The unskilled occupations make up 173 DOT codes out of the 782 total codes.  The OOH currently describes the occupational group as typically requiring a high school diploma or equivalent, moderate-term on-the-job training, and representing 574,000 jobs.  The OOH glossary defines moderate-term as more than 30 days and up to one year.  The work is typically semi-skilled or skilled.  Inspectors, testers, sorters, samplers and weighers are not typically unskilled.  A nut sorter (DOT 521.687-086) cannot represent 574,000 jobs.  

This is one of occupations identified in Biestek v. Berryhill.  The proposition that 120,000 jobs as a nut sorter existing in the national economy ever is laughable.  Justice Gorsuch identified that concept in dissent.  

Cashiers (SOC 41-2011) is the occupational group that contains 18 DOT codes.  The OccuCollect.com everything report summary for any of the 18 DOT codes (including toll collector) states:

There are 18 DOT title(s) in this DOT-SOC O*NET-SOC Crosswalk Report

5 DOT title(s) in this DOT-SOC O*NET-SOC Crosswalk Report are Sedentary
13 DOT title(s) in this DOT-SOC O*NET-SOC Crosswalk Report are Light
6 are SVP 2

The unskilled occupations make up 6 of the 18 total codes.  The OOH currently describes the occupational group as typically requiring no formal educational credential, short-term on-the-job training, and representing 3,648,500 jobs.  Toll collector cannot represent 3.4 million jobs.  

Cymande S. v.

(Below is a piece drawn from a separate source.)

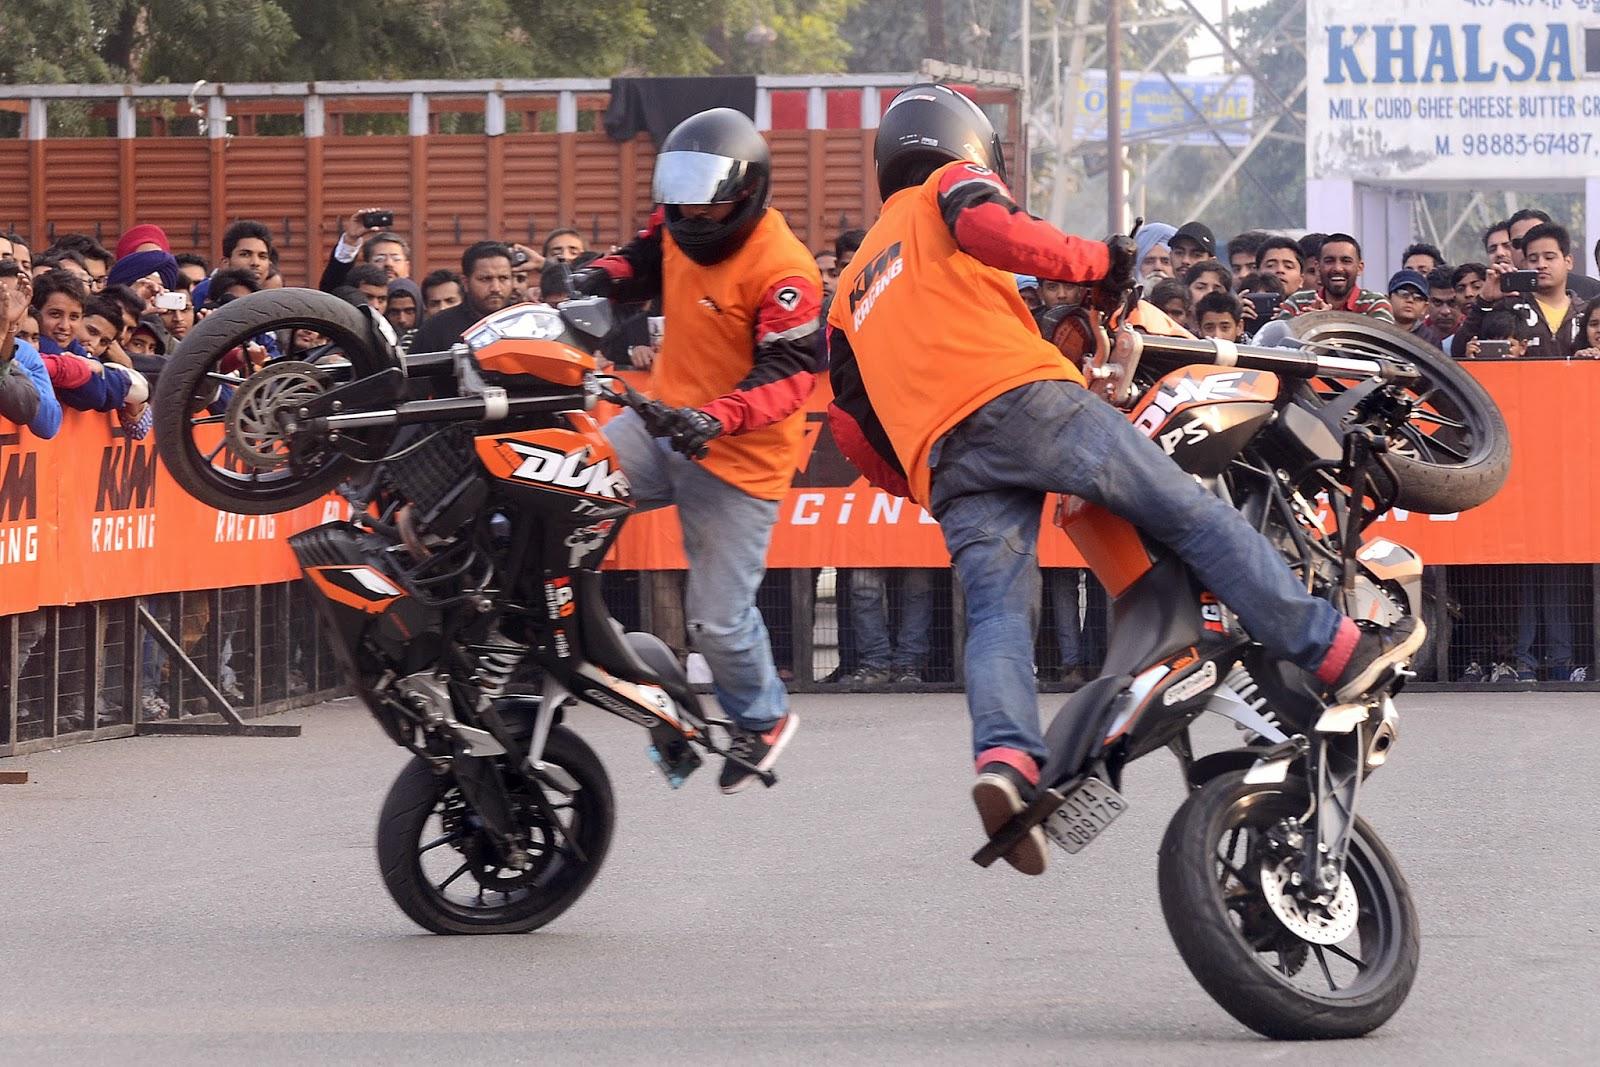 KTM, India, Show, Art, Motor bike, Australia, Sports motorcycle, Manufacture, Stunt, Perform, Offbeat, Stuntmen, Amritsar,
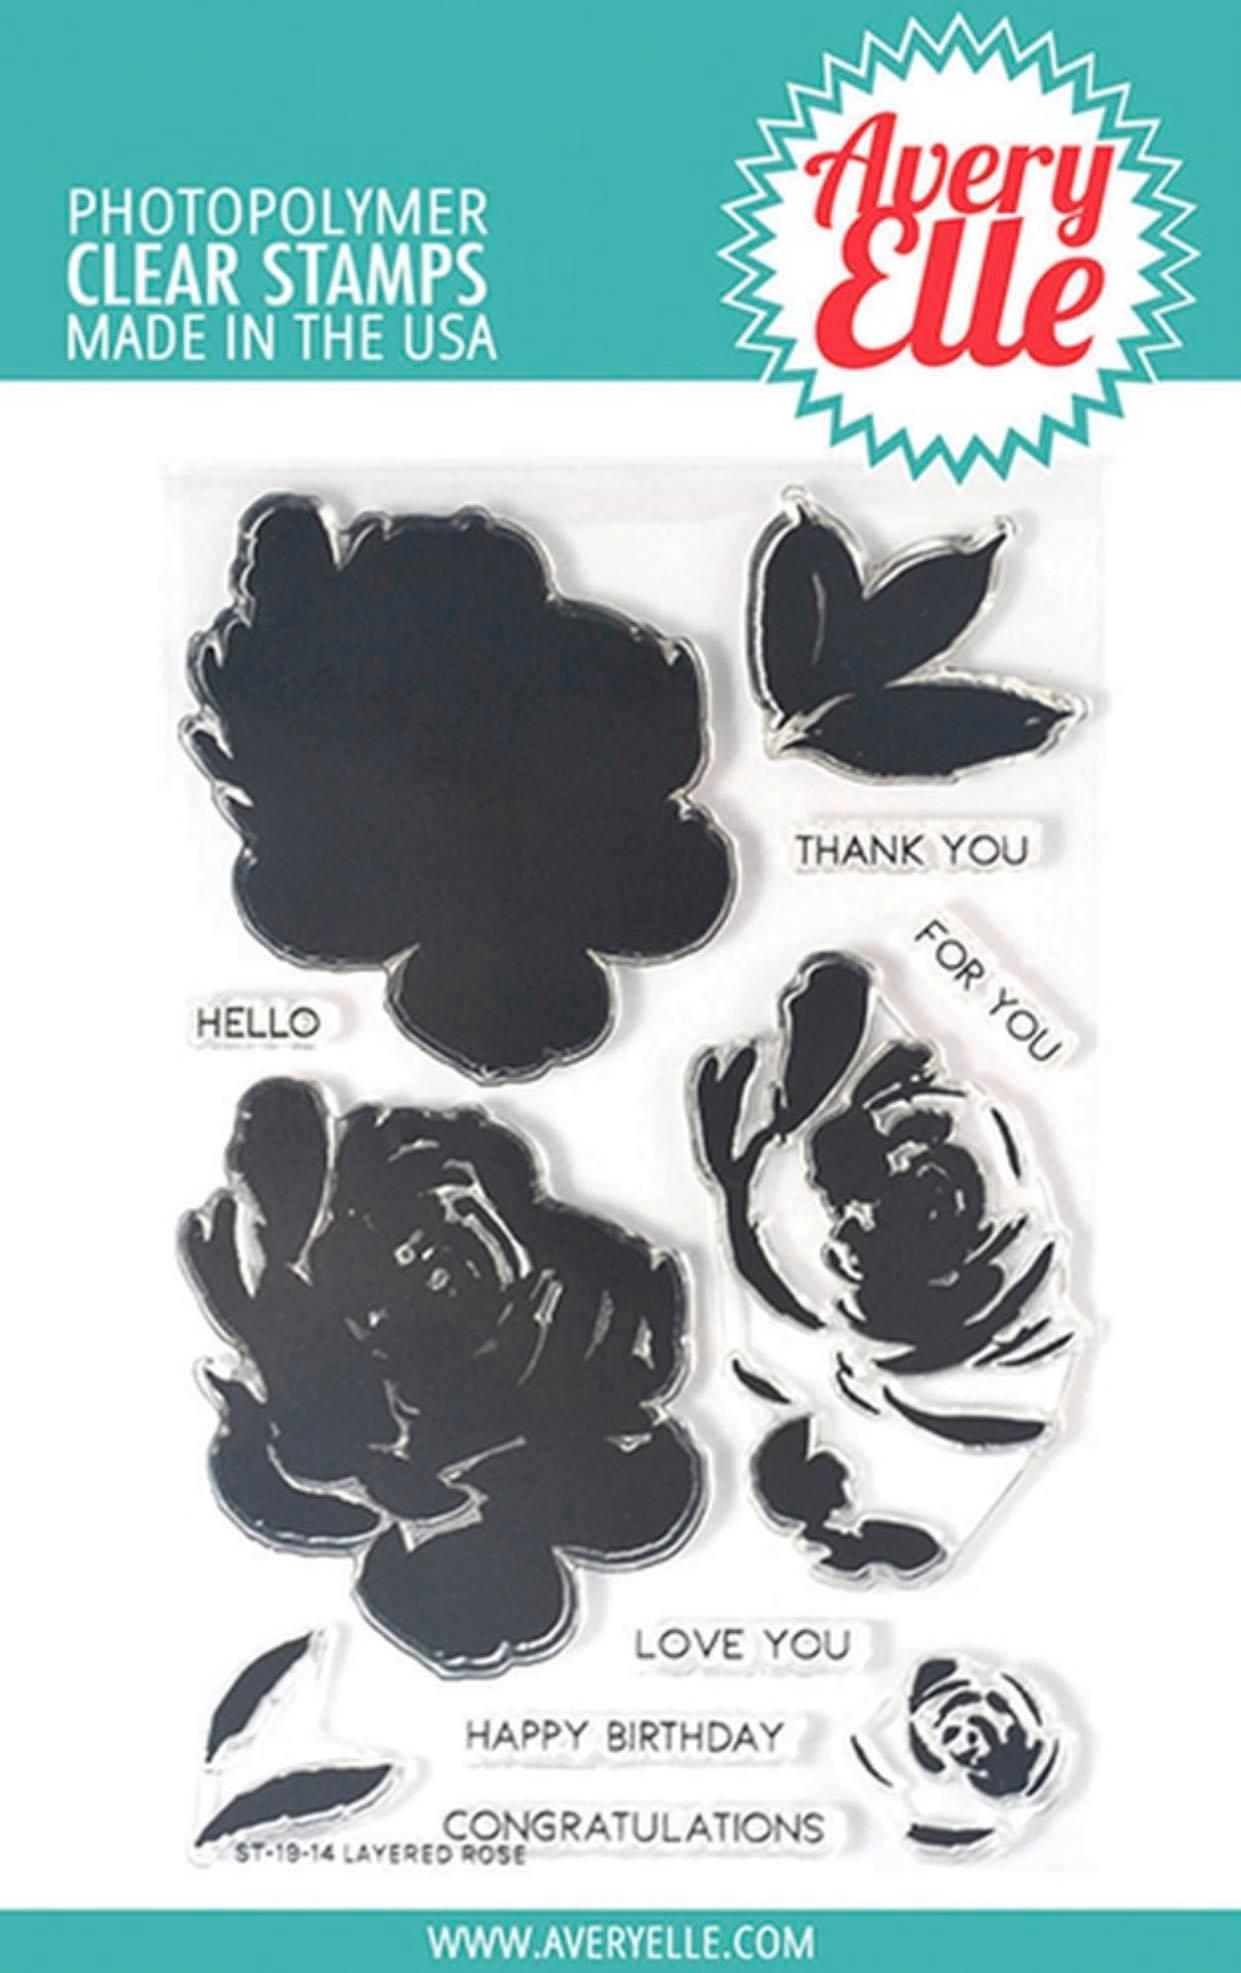 Avery Elle - Layered Rose Stamp Set

Berryhill represents progress is using the OOH combined with the O*NET crosswalk report to demonstrate the fallacy of job numbers.  Other data not mentioned by the court concerned the standing/walking of inspectors and cashiers, the predominant part-time nature of cashier work, as well as unskilled vs. semi-skilled or skilled work as reported by the O*NET (full-time) and ORS (other job characteristics).  Cymande S. v. Berryhill can be your next win if you present the vocational rebuttal to the ALJ or the Appeals Council (where AC evidence matters).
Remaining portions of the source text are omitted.